Bericht der Maiandacht vom 04.05.2018

Die diesjährige Maiandacht führte uns nach St. Urban. Nach einer kurzweiligen Fahrt mit dem Car über Langenthal, starteten wir mit einer sehr interessanten Führung durch die Klosterkirche & Nebengebäuden.

 

Herr Käch wusste uns 19 Frauen viel über die Barock Kirche zu erzählen. Wie es überhaupt zum Standort St. Urban kam, die lange Bauzeit von 1710-1717 der Kirche und den Nebengebäude bis 1740. Die Klosterkirche sollte möglichst feudal, schlossänlich aussehen und den Reformierten ihren Reichtum zeigen.

 

Wir bestaunten die Kirche, welche weissgehalten ist und nur mit Struktur & pflanzlichen Motiven geziert ist. Besonders ist natürlich die Orgel mit Ihren 2500 Pfeifen welche um die Fenster gebaut wurde. Einmalig ist das Chorgestühl von 1700. Es stand schon früher in dieser Kirche wurde jedoch nach der Klosteraufhebung 1848 nach Schottland verkauft und konnte dann von den Erben mit genügend Geld zurück gekauft werden. Es hat ganz viele Schnitzereien mit der Geschichte Jesu. Beginnt dabei, als der Engel Maria die Geburt Christi ankündigt, über die Kreuzigung bis zur Maria Himmelfahrt. Auch Jesus schaffen ist bildlich festgehalten.

 

Die Führung wurde über die eindrückliche Bibliothek und dem pompösen Festsaal abgerundet. Mehrmals munkelte Frau darüber, dass wir doch in diesem wunderbaren Festsaal die nächste GV abhalten könnten.

 

Bei der anschliessenden Maiandacht feierten wir einen Wortgottesdienst zu Ehren Mariens.

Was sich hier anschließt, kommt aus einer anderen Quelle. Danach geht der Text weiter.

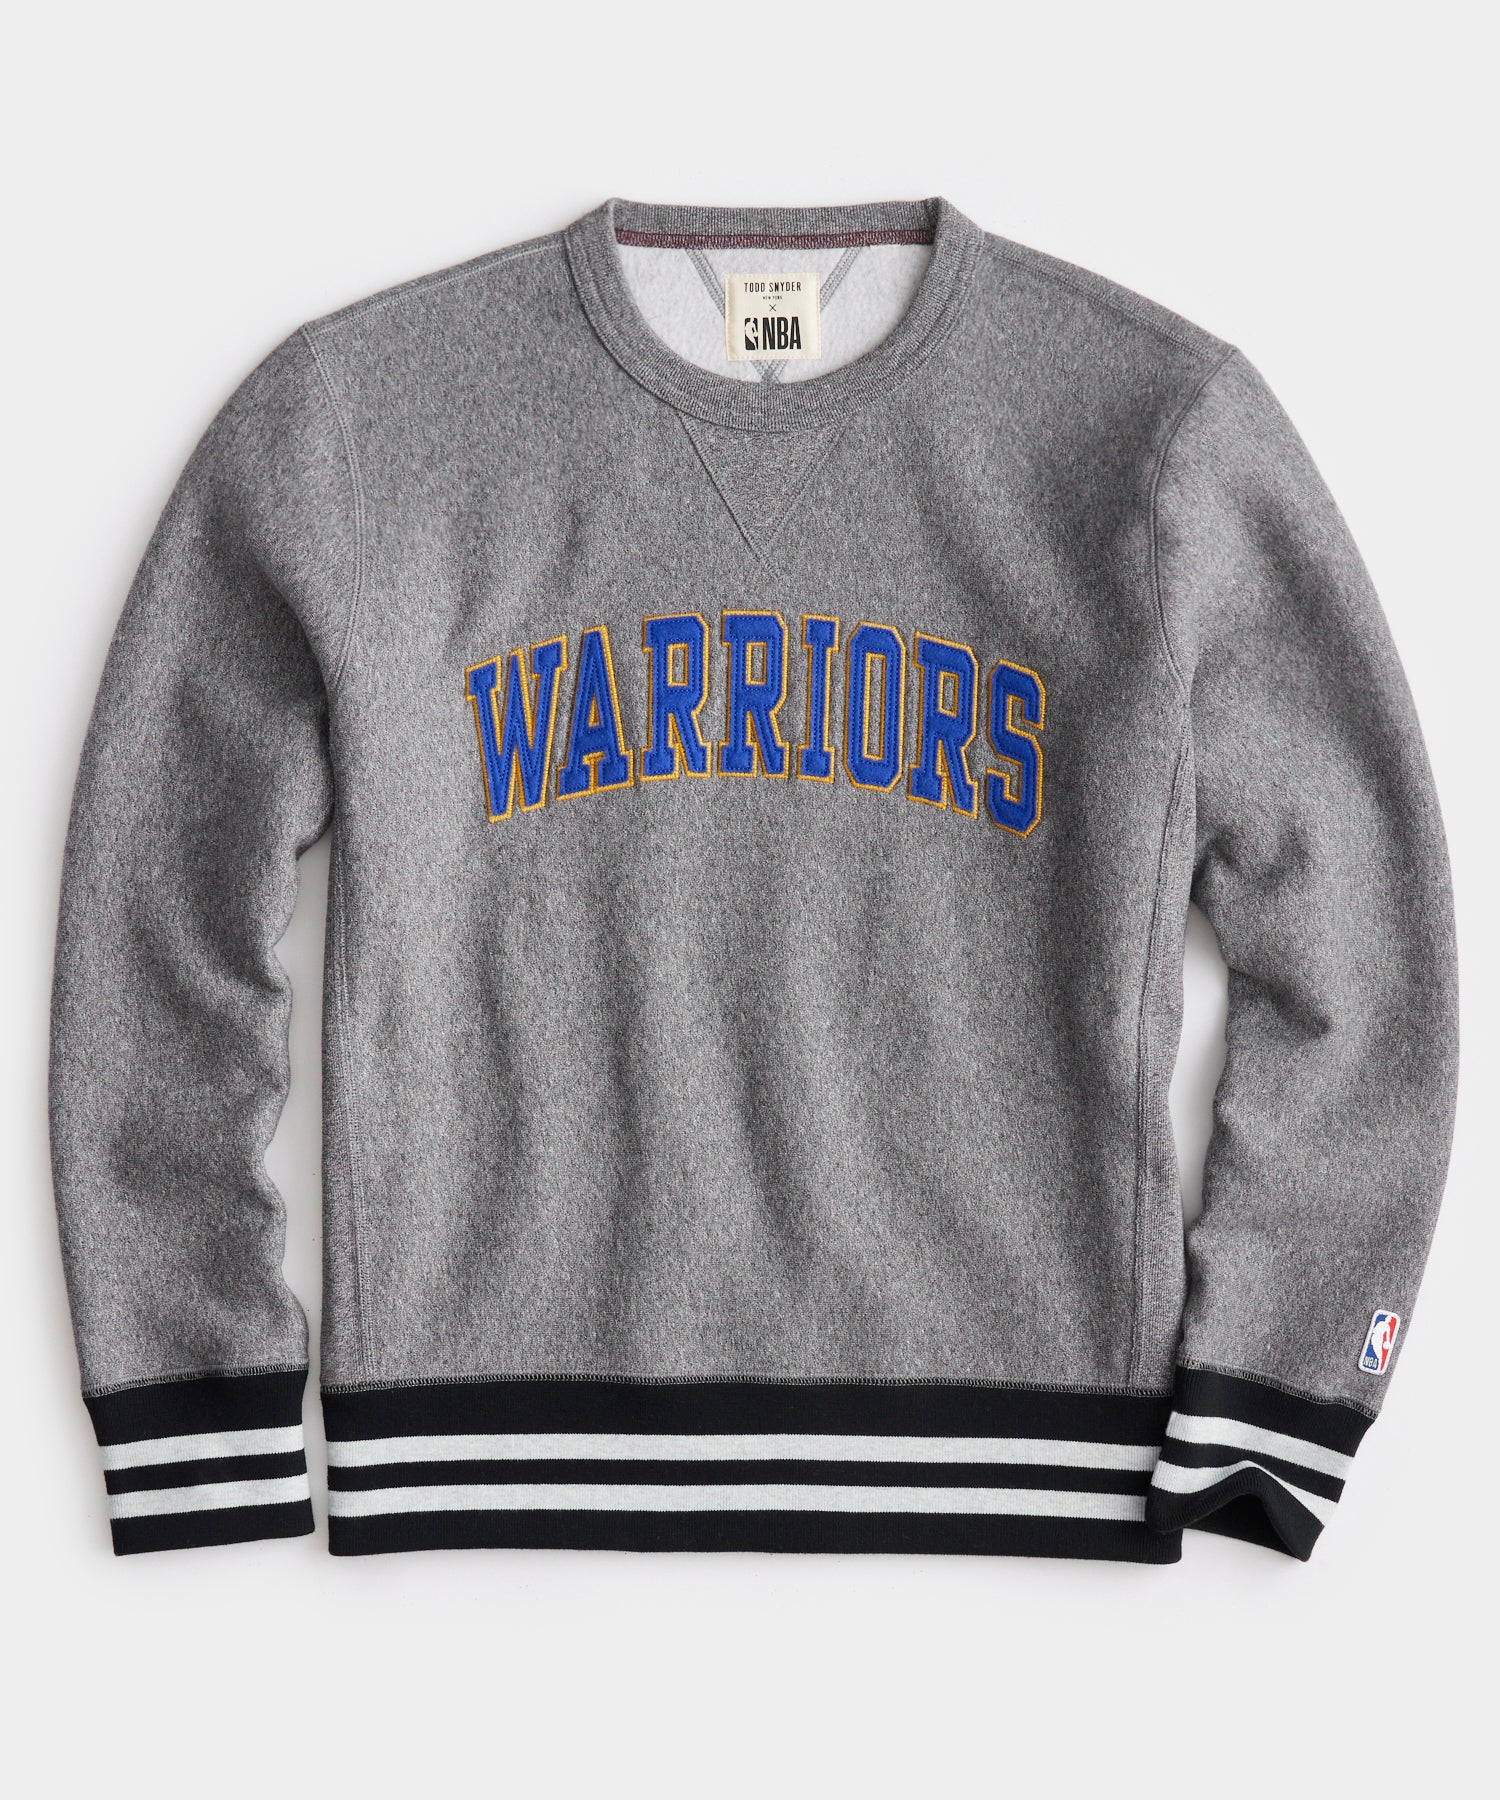 Golden State Warriors T-Shirts in Golden State Warriors Team Shop 
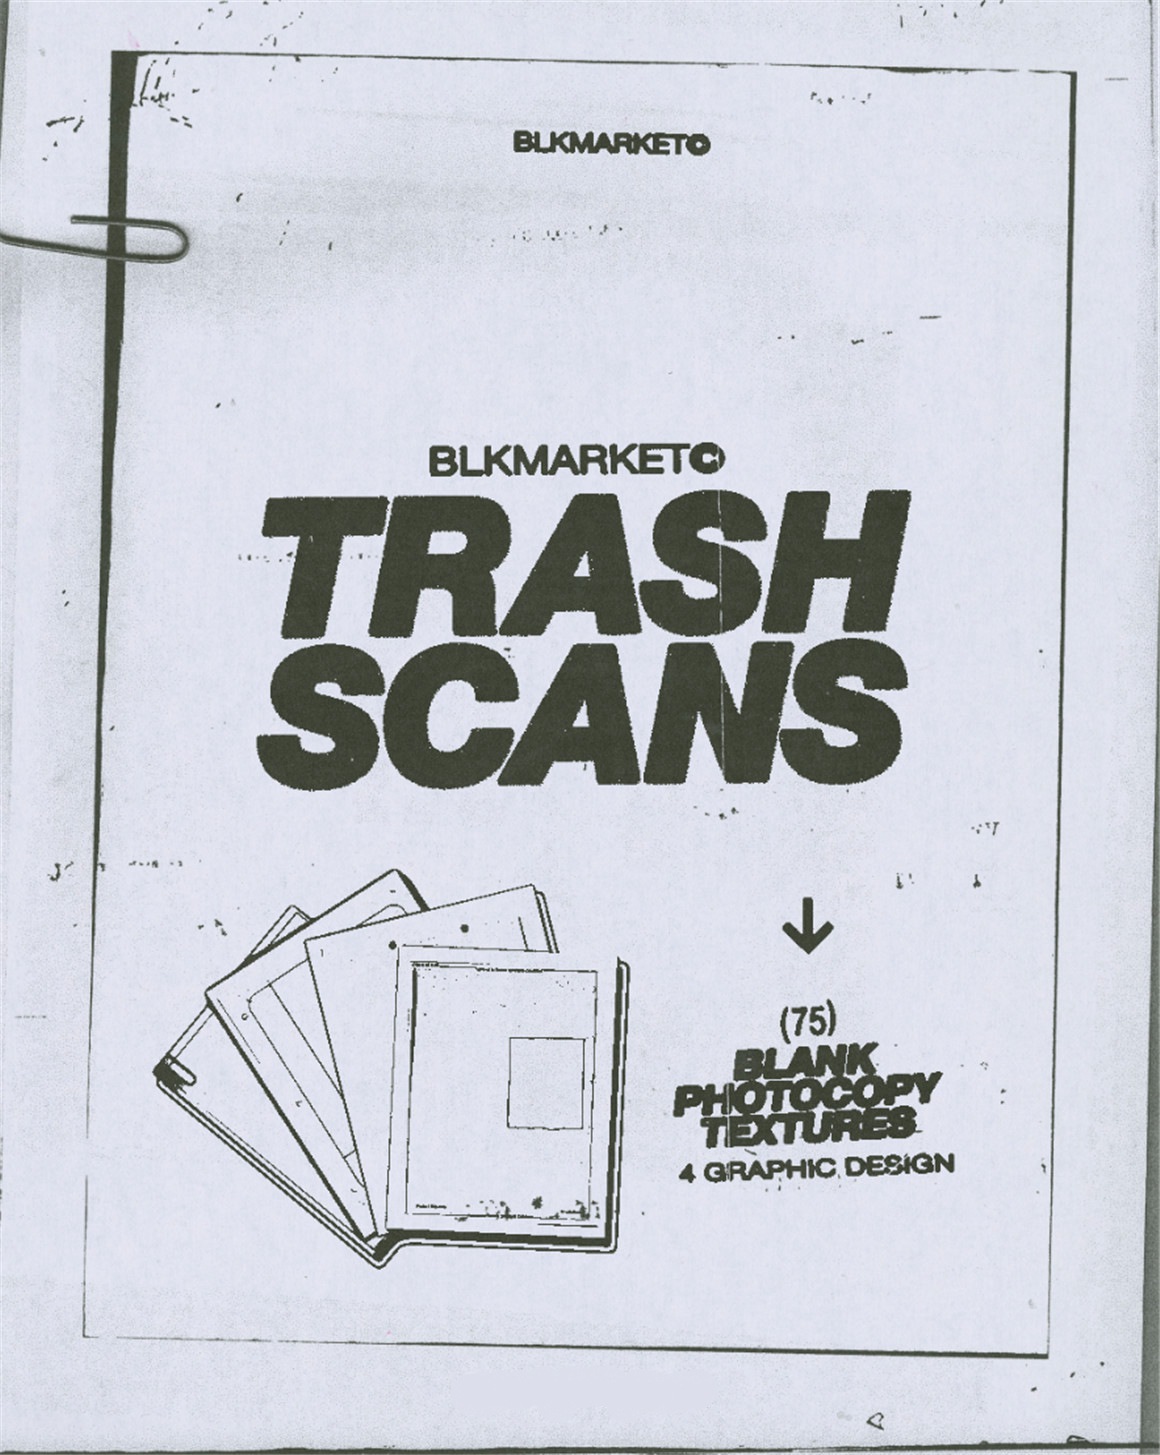 BLKMARKET 75个高分辨率黑白文件影印纸张标签背景设计纹理 TRASH SCANS 图片素材 第2张

Bea Emmenegger hat uns allen ein Bild von Maria mit Jesus auf dem Arm verteilt. So machten wir uns Gedanken, was wir sehen & was für Gefühle eine Umarmung von einem kleinen Kind in uns auslöst. Wie Maria, Jesus auf seinem Weg begleitet hat.

 

Mit einem gemütlichen Abendessen im Klostergasthaus Löwen genossen wir das zusammen sein. Nach einem feinen Dessert machten wir uns langsam auf die Rückfahrt nach Neuendorf.

Zuhause angekommen bildete sich noch ein Grüppchen, welches am Frühlingsfest den Abend ausklingen liess.